***** DATA EXTRACT *****

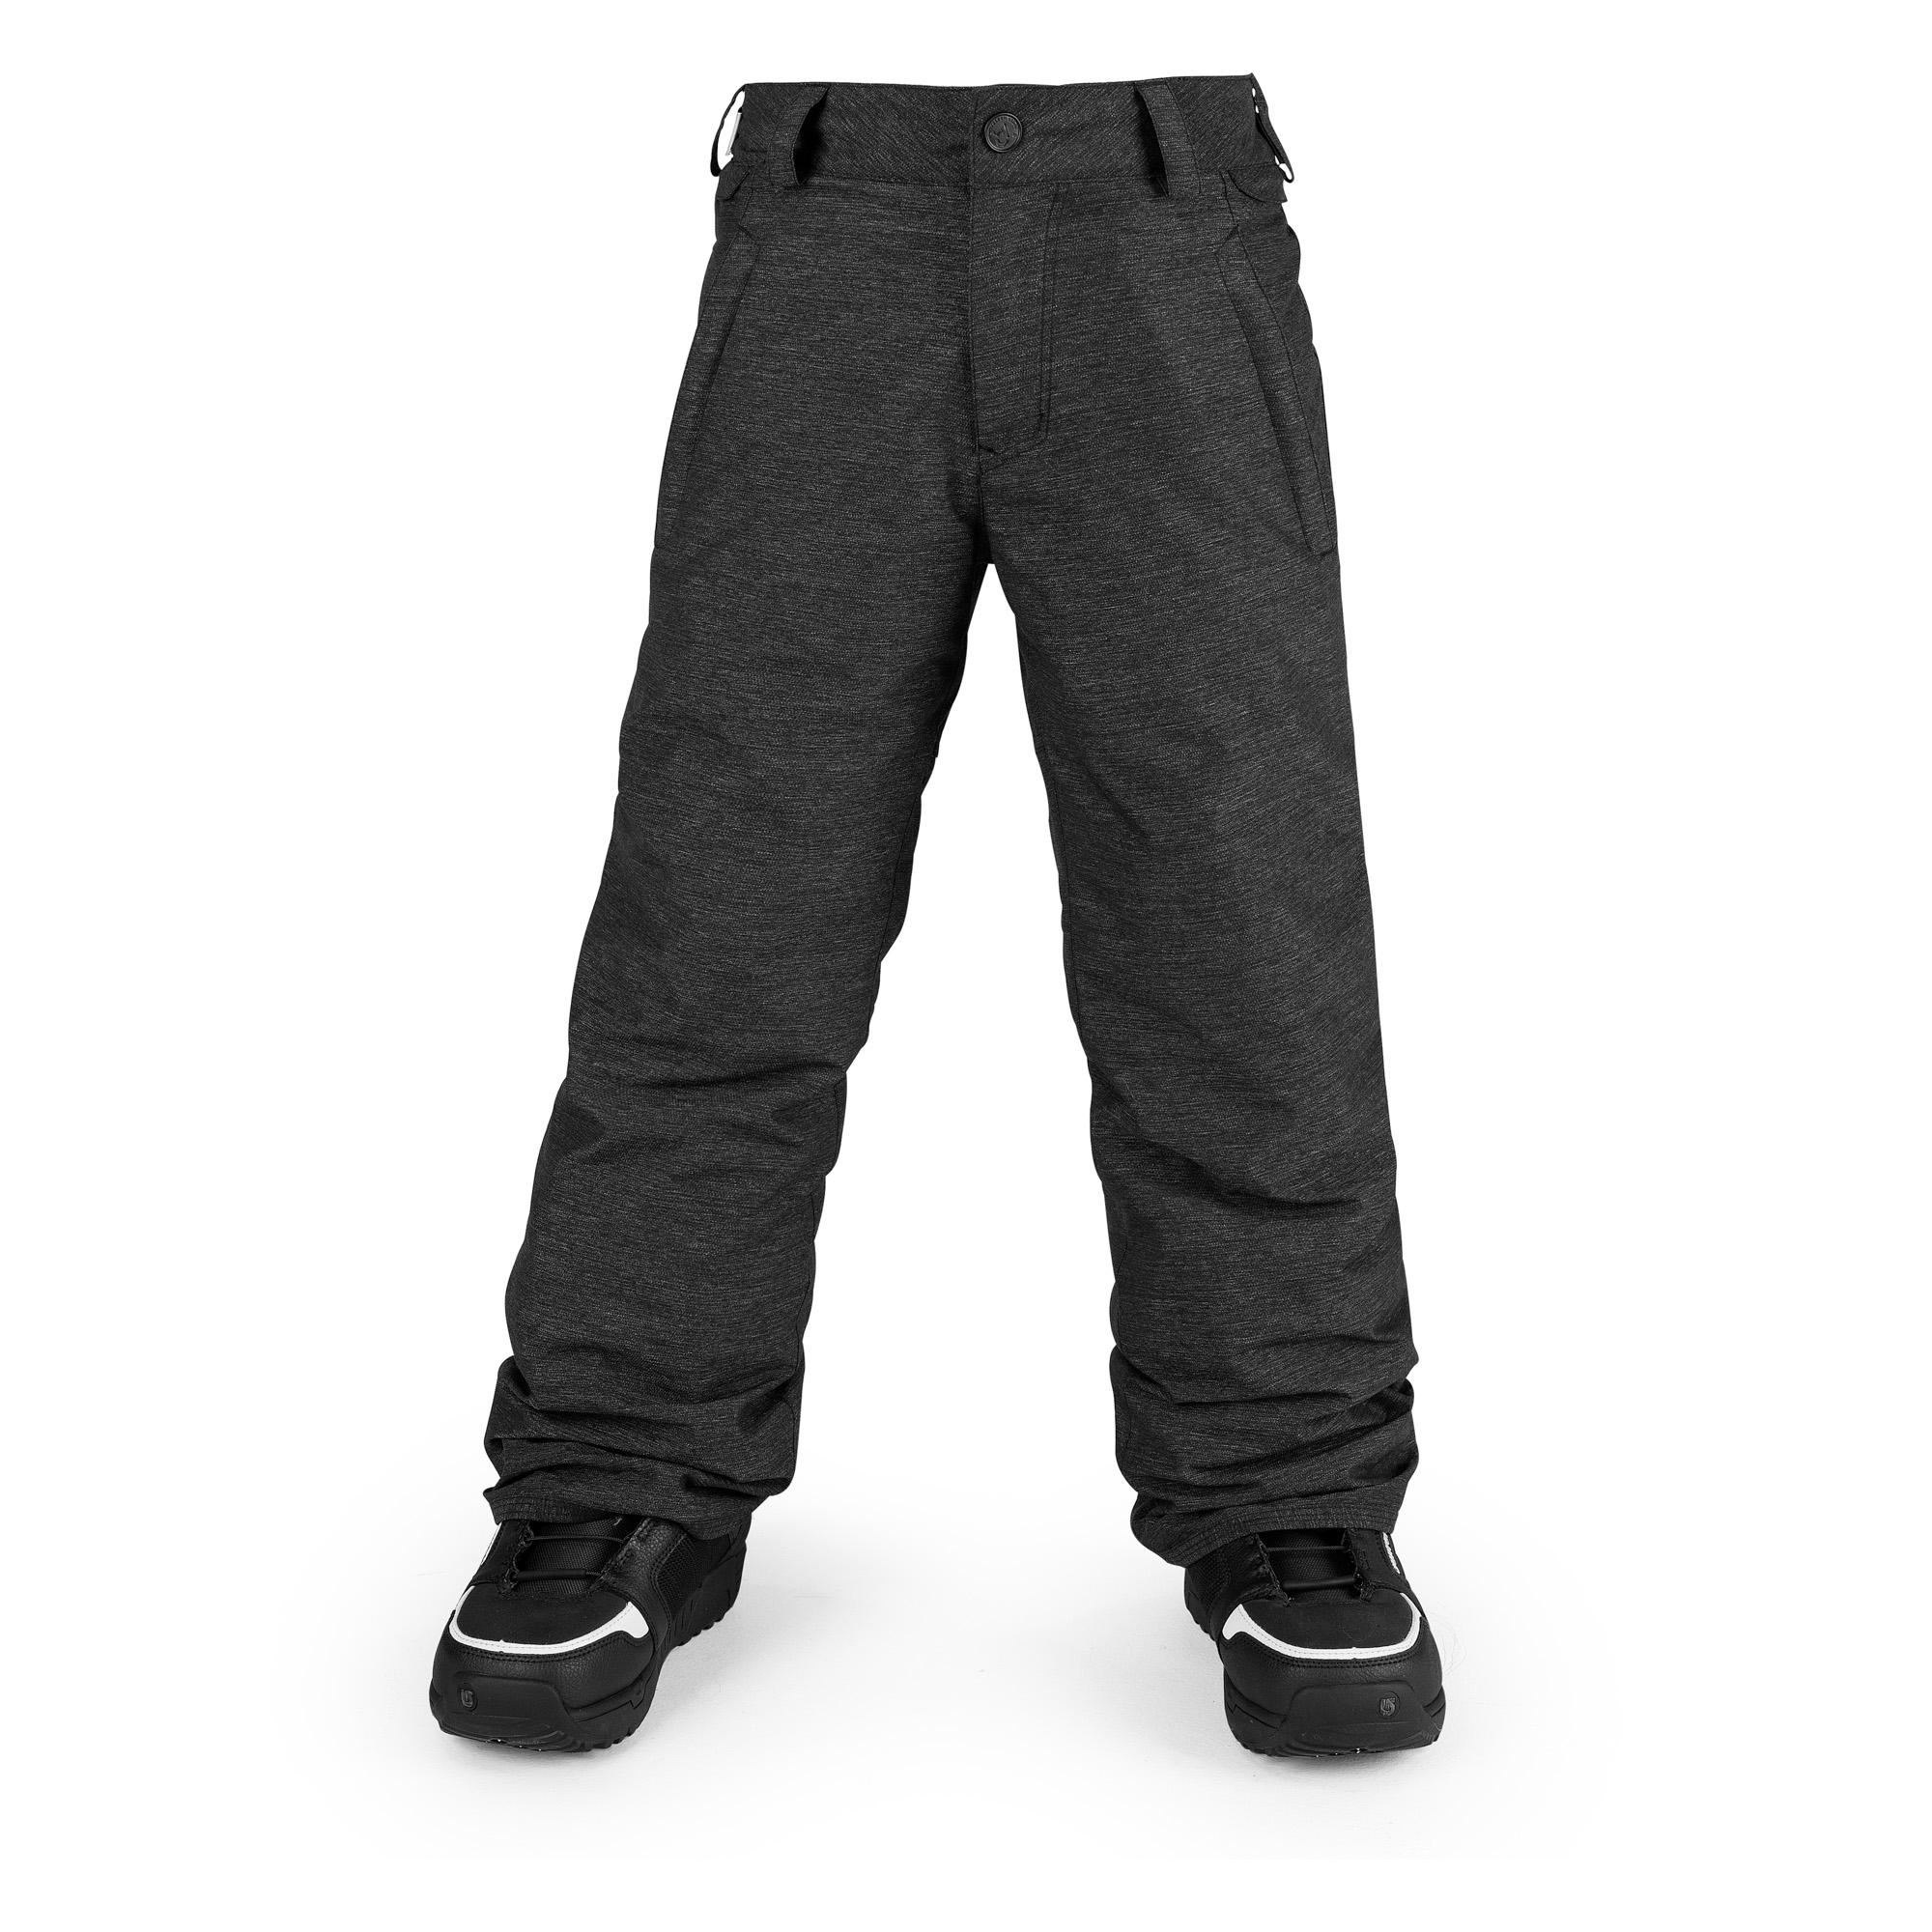 Volcom Explorer Insulated Snowboard Pant 2018
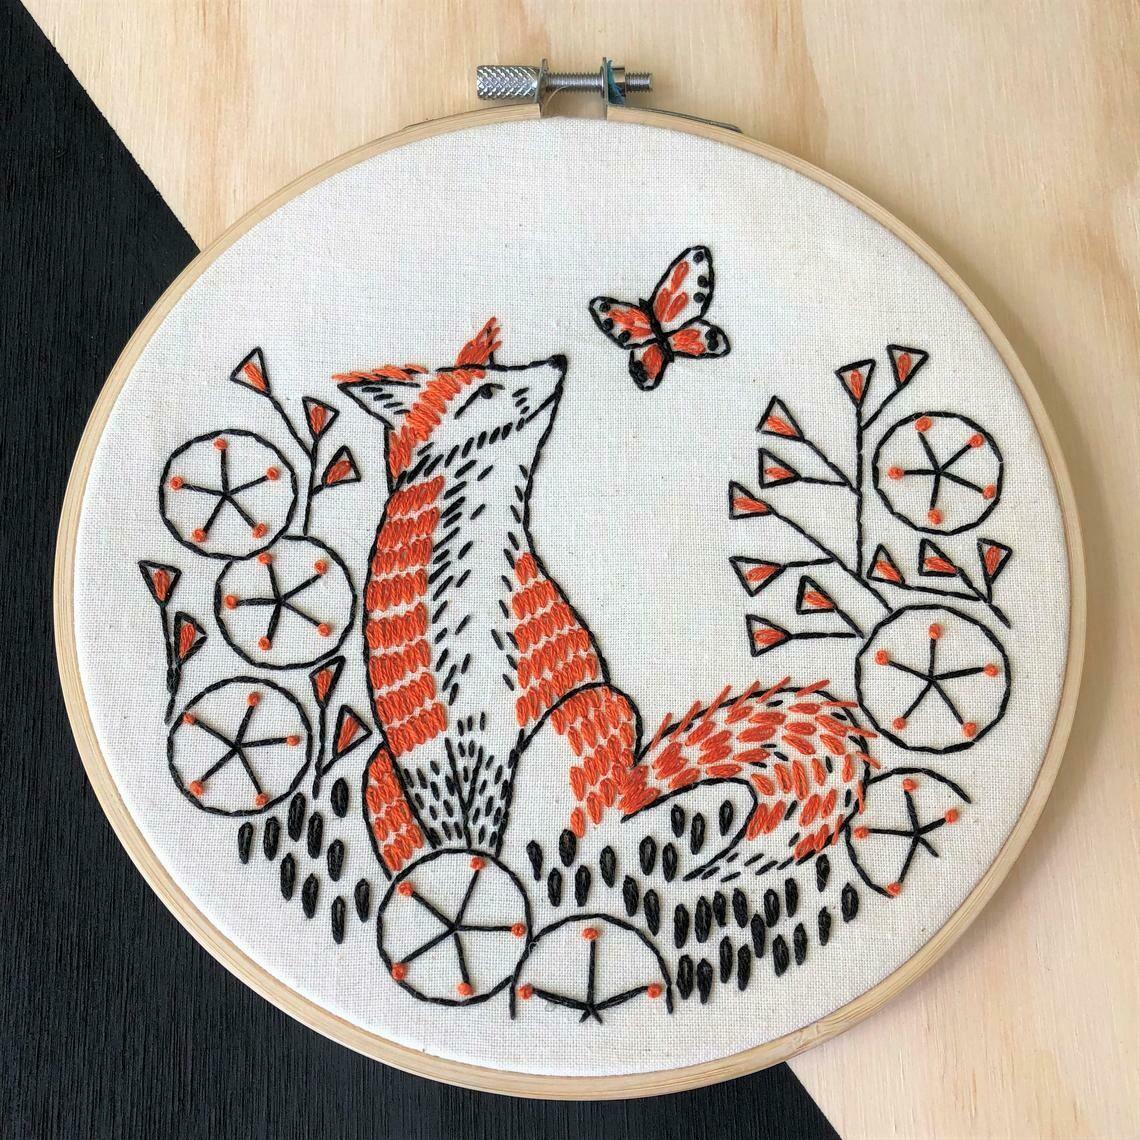 Hook Line & Tinker Fox in Phlox
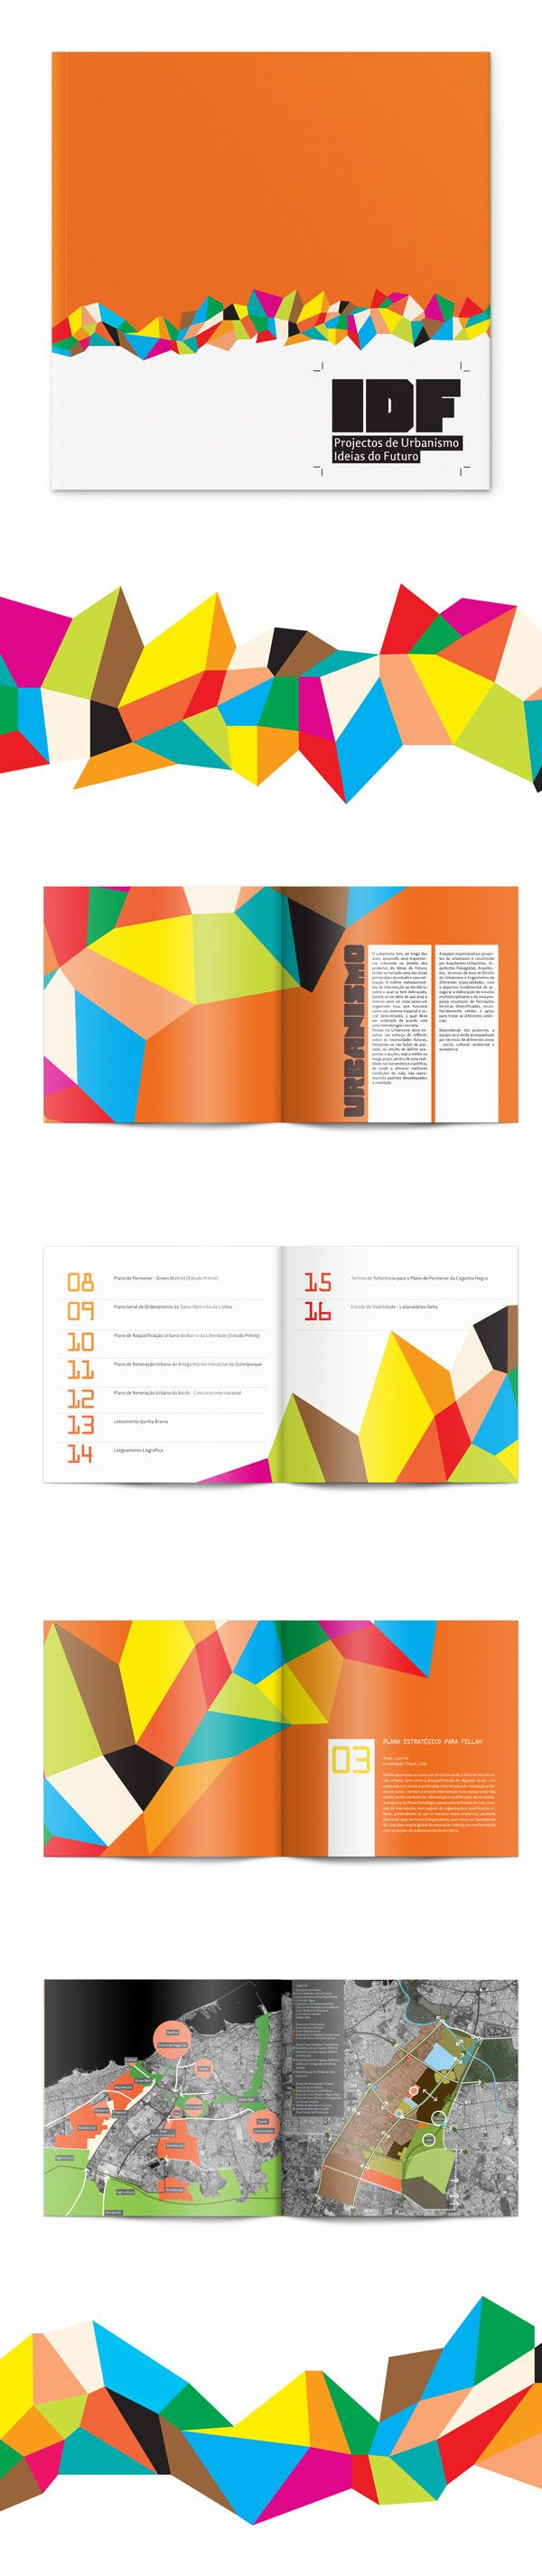 http://www.andysowards.com/blog/2012/40-fresh-examples-of-creative-crazy-print-brochure-design-inspiration/

*****

### TASK BRIEF
Give back the listing exactly, without a single picture.

### REPLY TO THE EXERCISE
 Volcom Explorer Insulated Snowboard Pant 2018
 Hook Line & Tinker Fox in Phlox
 http://www.andysowards.com/blog/2012/40-fresh-examples-of-creative-crazy-print-brochure-design-inspiration/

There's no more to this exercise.